**YOUR OBJECTIVE**
Below are some records. Print exactly the lines between the one holding "Vista aérea de" and the one holding "قم بتنزيل أداة", inclusive, and nothing else.

**SOURCE RECORDS**
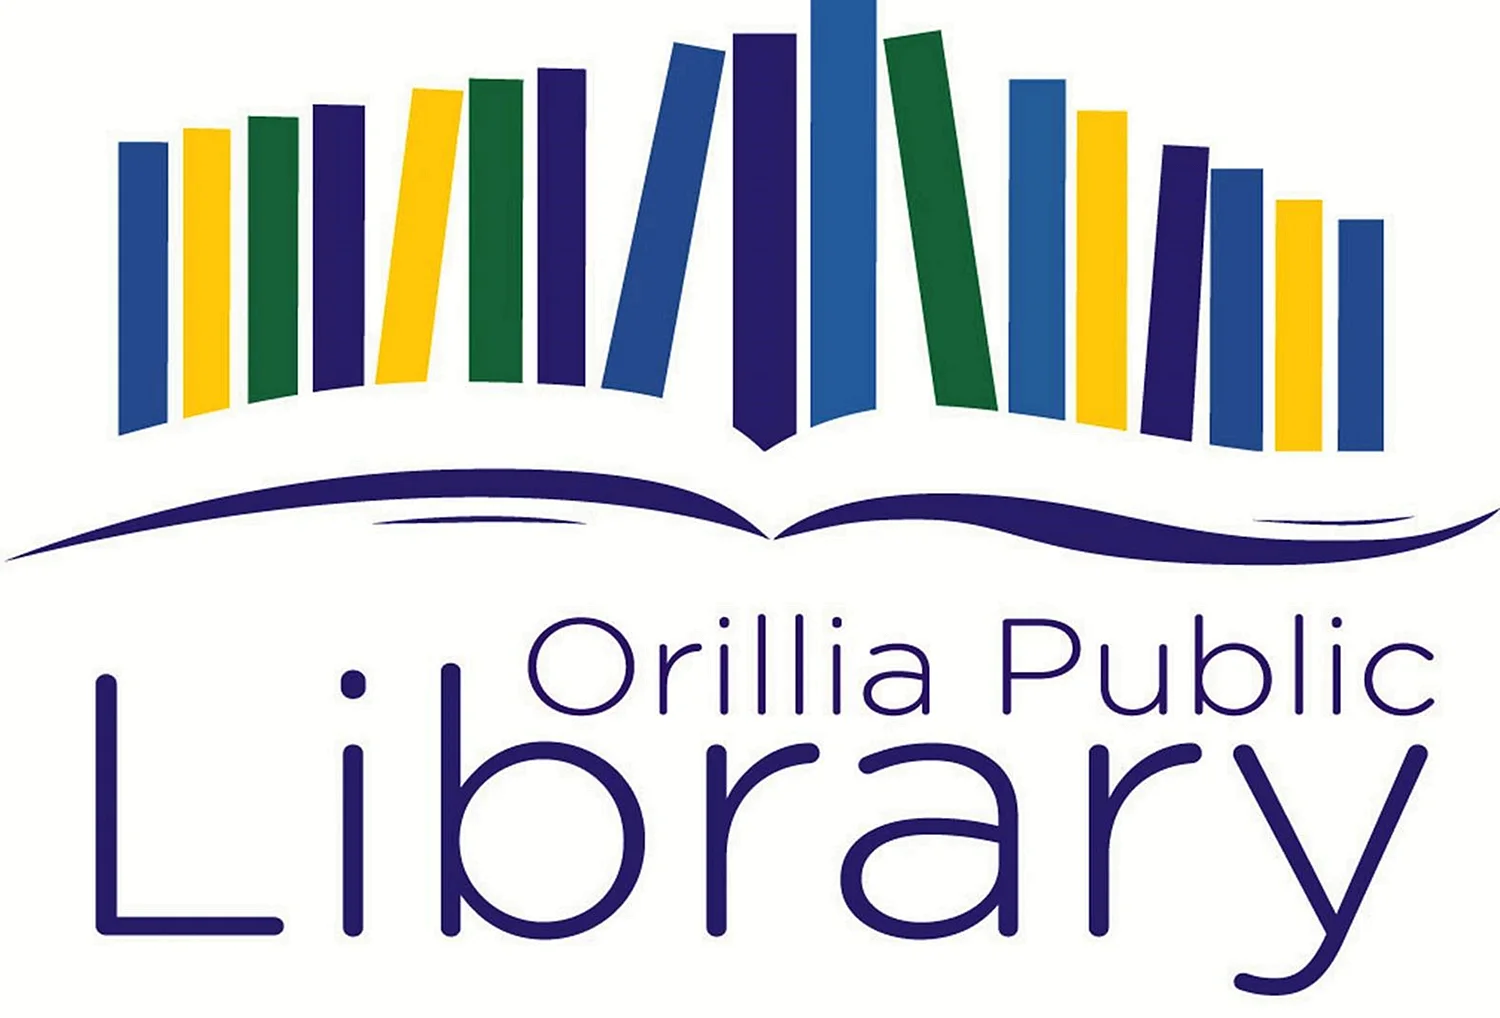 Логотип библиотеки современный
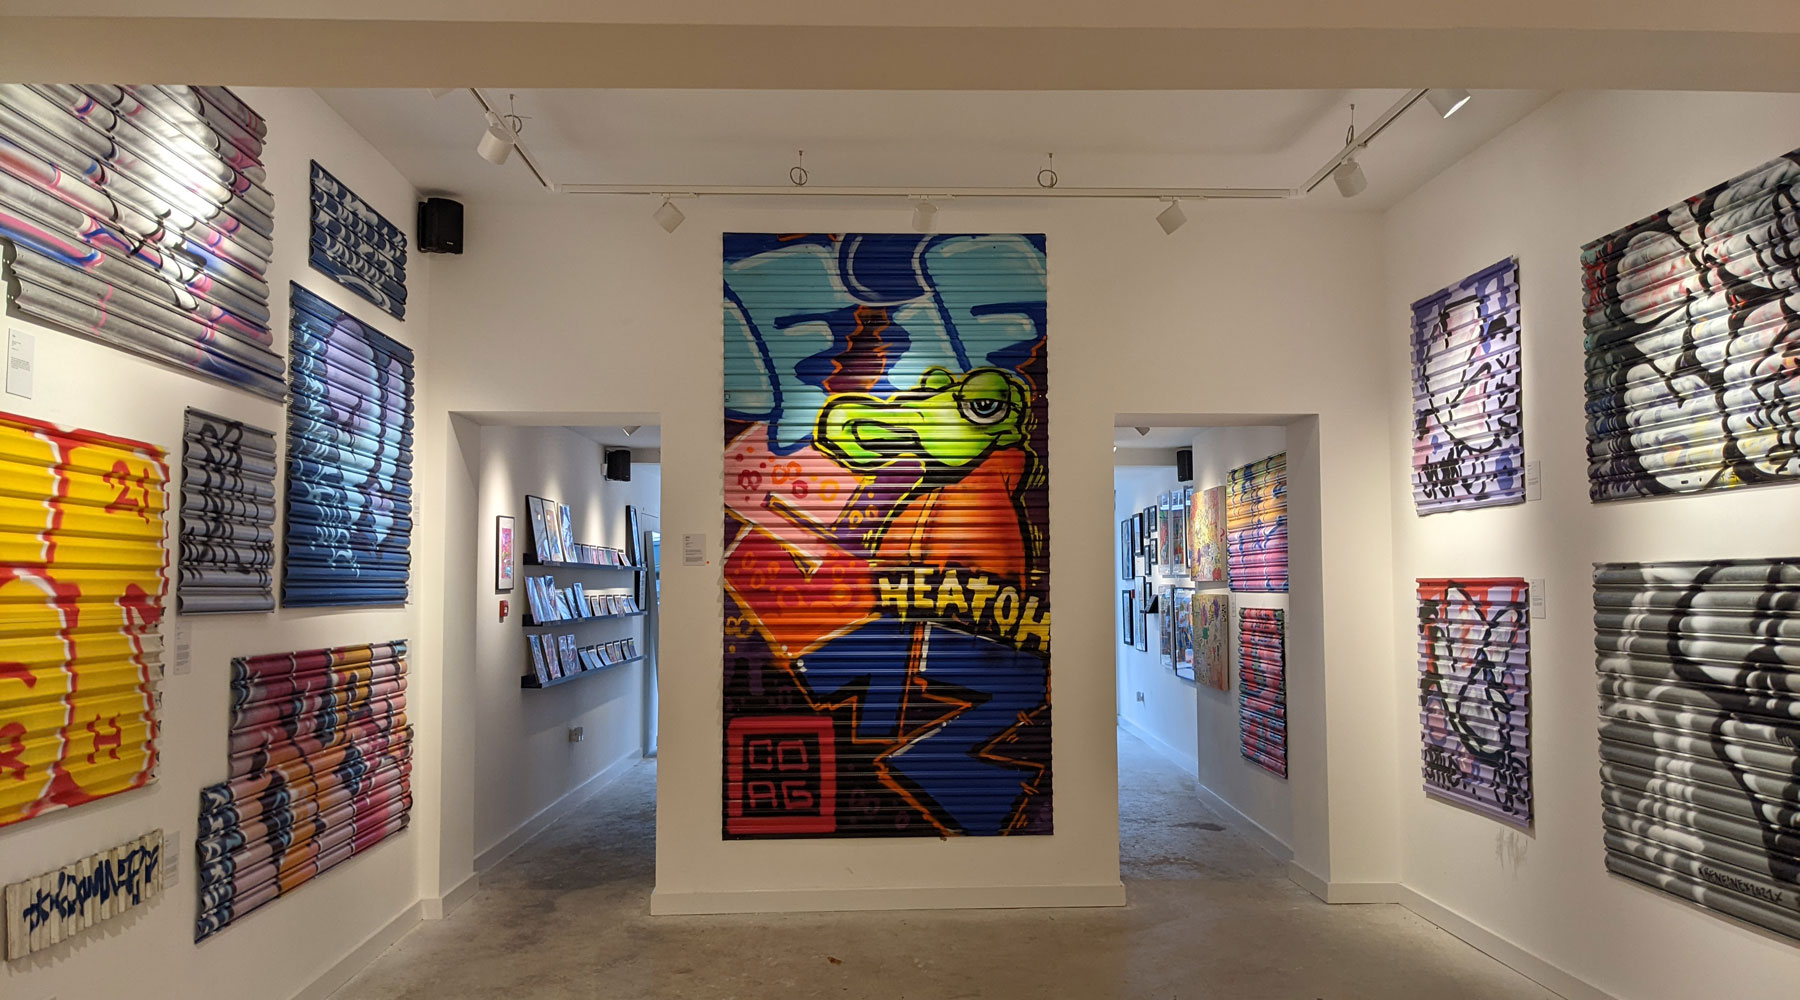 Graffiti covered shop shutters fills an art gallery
==
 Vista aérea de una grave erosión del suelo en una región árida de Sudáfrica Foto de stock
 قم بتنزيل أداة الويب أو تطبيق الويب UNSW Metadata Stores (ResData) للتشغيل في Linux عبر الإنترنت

**TASK OUTPUT**
 Vista aérea de una grave erosión del suelo en una región árida de Sudáfrica Foto de stock
 قم بتنزيل أداة الويب أو تطبيق الويب UNSW Metadata Stores (ResData) للتشغيل في Linux عبر الإنترنت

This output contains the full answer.